**Listed records**
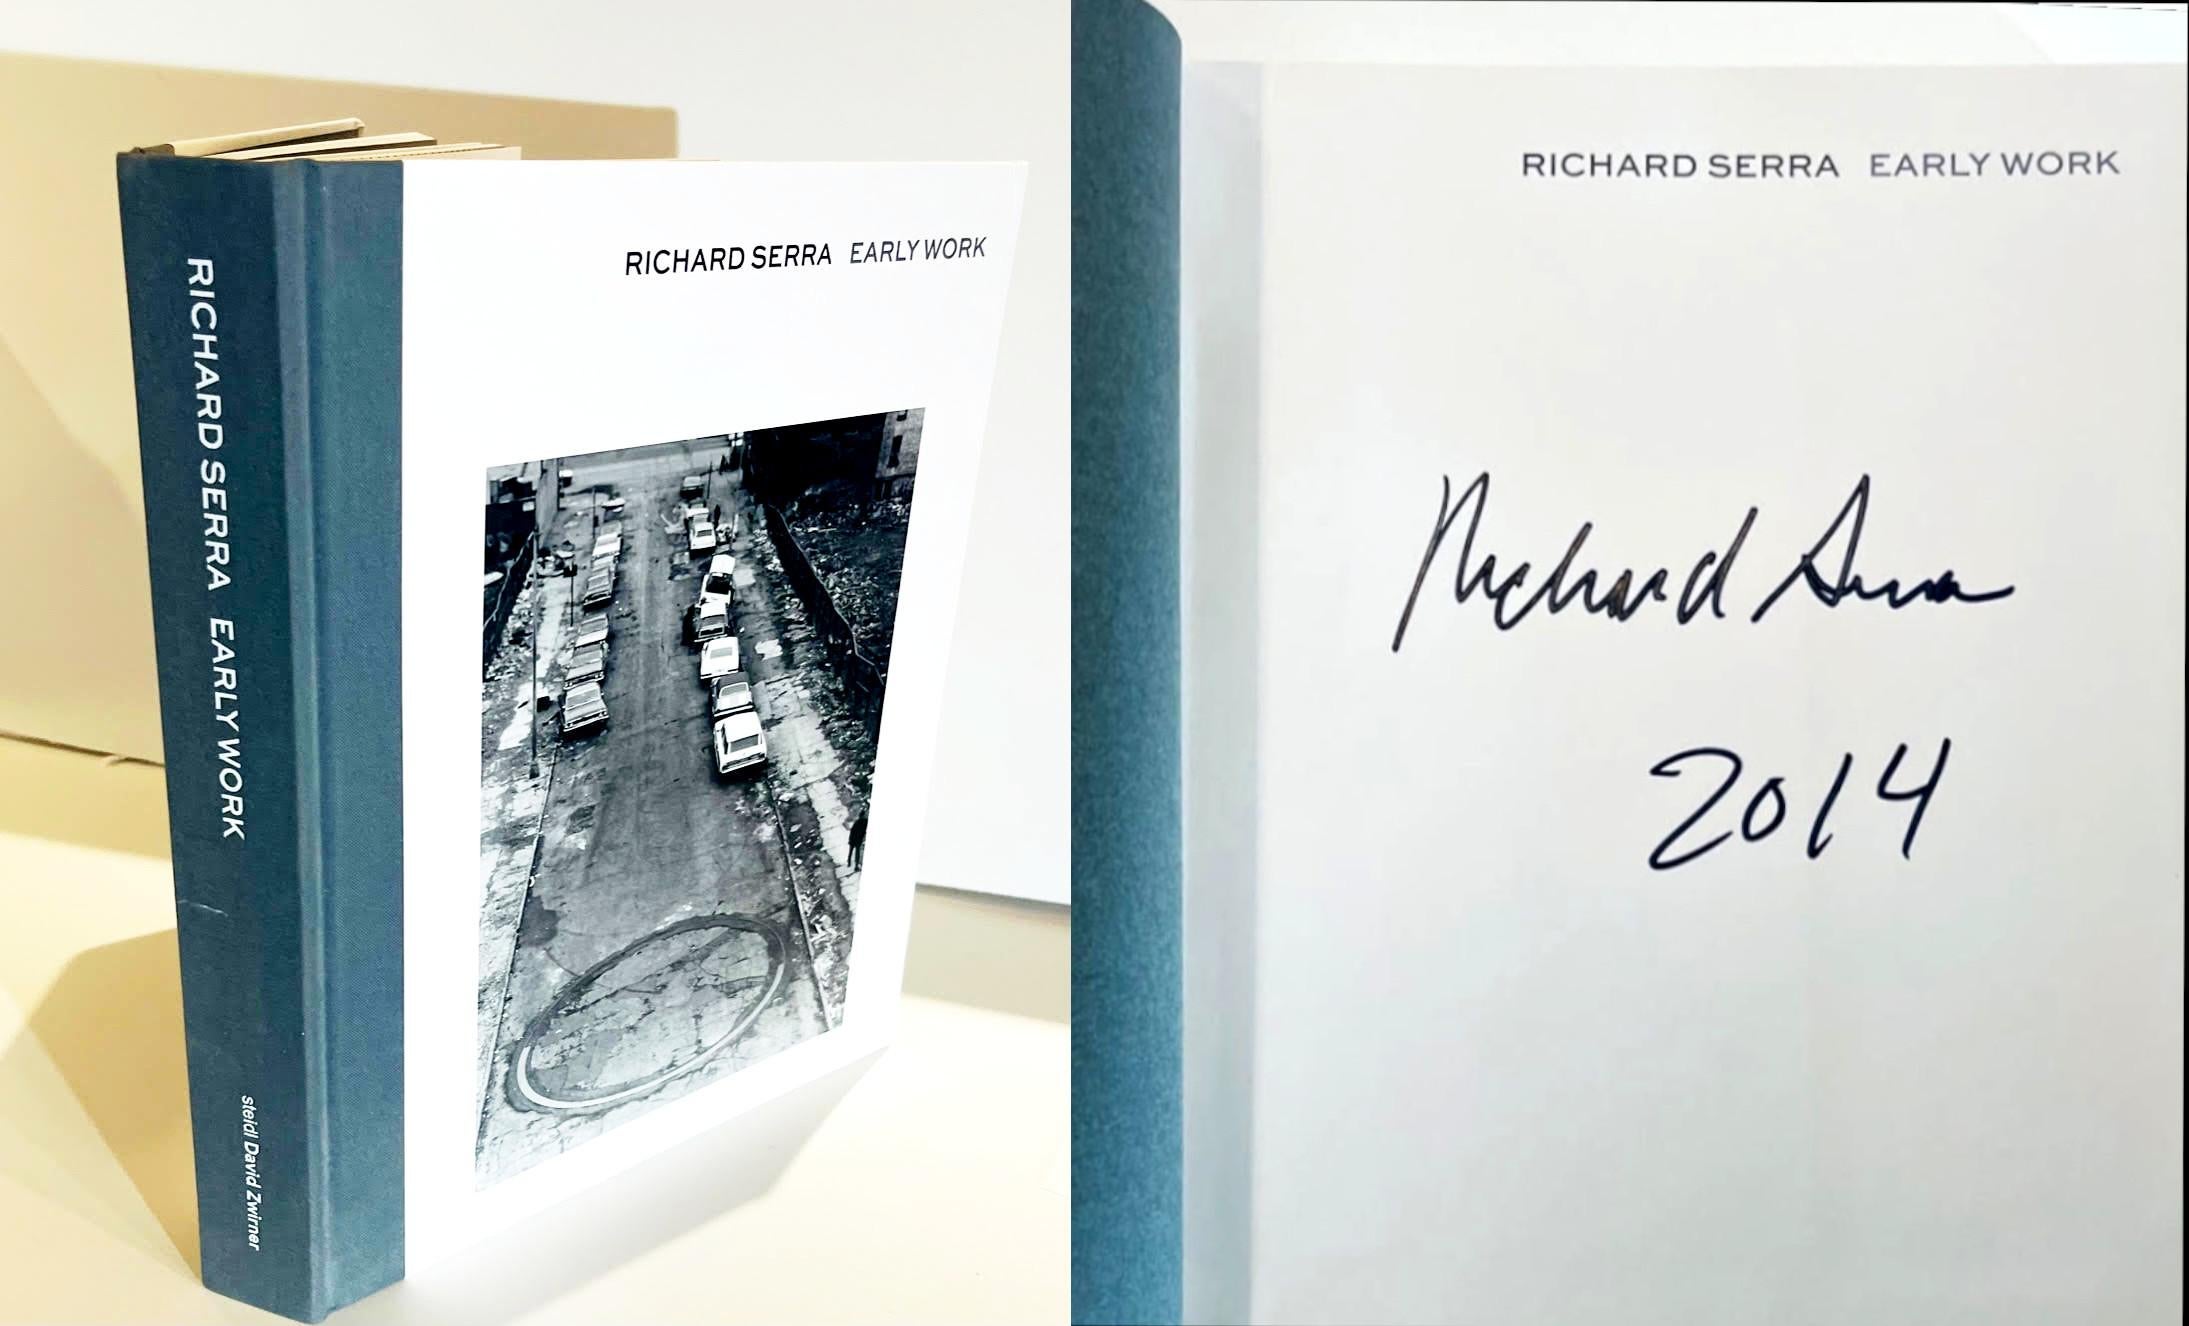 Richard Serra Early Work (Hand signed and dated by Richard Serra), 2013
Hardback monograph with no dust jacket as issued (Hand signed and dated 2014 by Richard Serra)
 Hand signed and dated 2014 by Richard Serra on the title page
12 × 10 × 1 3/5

...

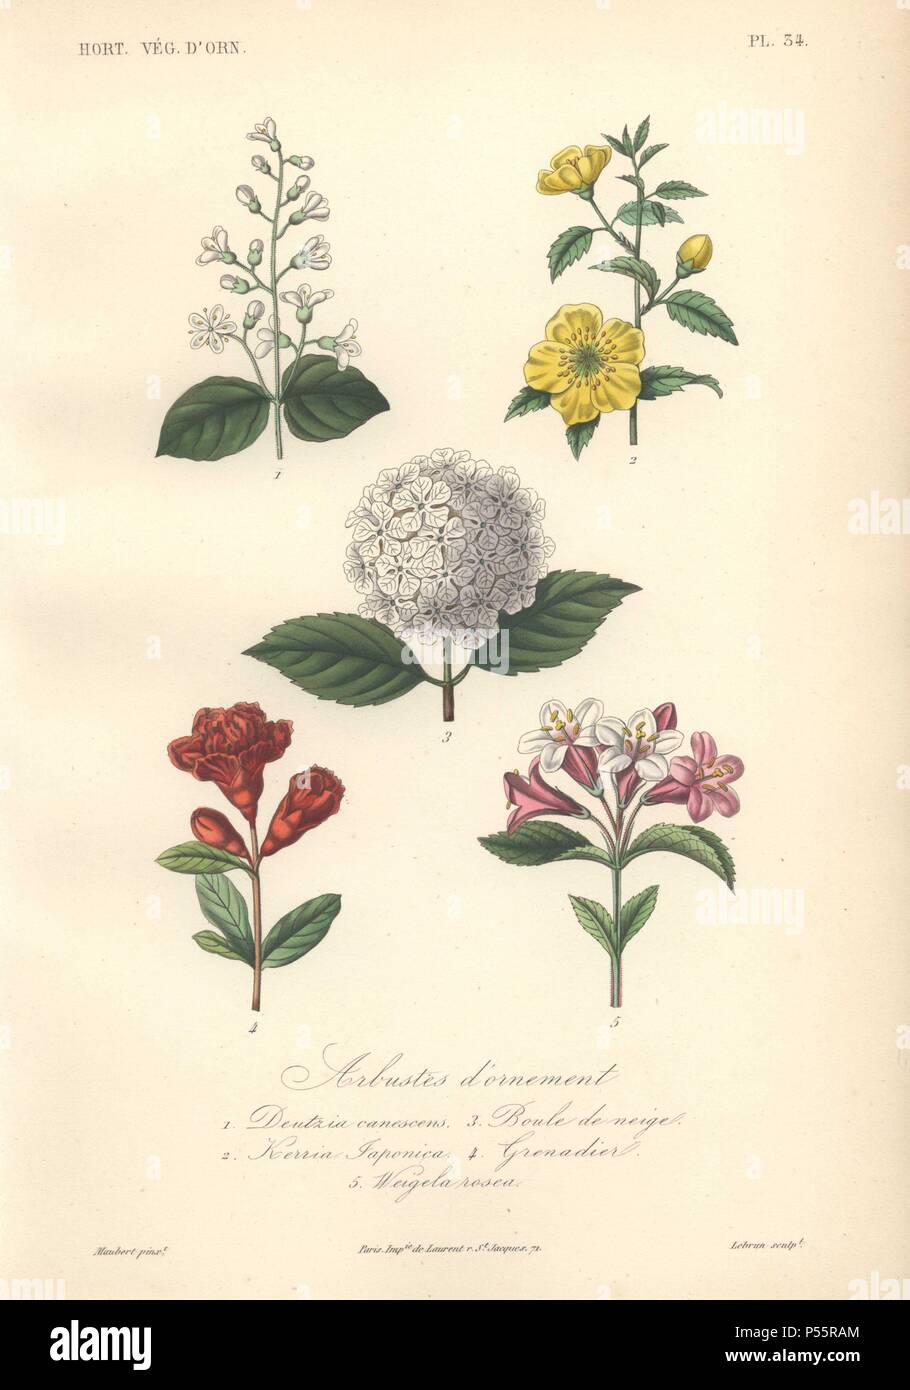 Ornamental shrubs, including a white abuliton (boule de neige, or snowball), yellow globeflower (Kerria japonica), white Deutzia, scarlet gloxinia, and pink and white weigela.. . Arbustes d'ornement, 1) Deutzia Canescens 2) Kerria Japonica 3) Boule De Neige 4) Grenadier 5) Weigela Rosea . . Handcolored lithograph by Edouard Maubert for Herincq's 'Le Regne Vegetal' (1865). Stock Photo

...

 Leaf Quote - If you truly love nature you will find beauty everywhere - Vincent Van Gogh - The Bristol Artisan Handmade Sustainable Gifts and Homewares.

**Aim of the task**
Beginning with the line containing "Hardback monograph with" in the material above, copy every line exactly until you have copied the line containing "12 × 10 × 1 3/5".

**Answer area**
Hardback monograph with no dust jacket as issued (Hand signed and dated 2014 by Richard Serra)
 Hand signed and dated 2014 by Richard Serra on the title page
12 × 10 × 1 3/5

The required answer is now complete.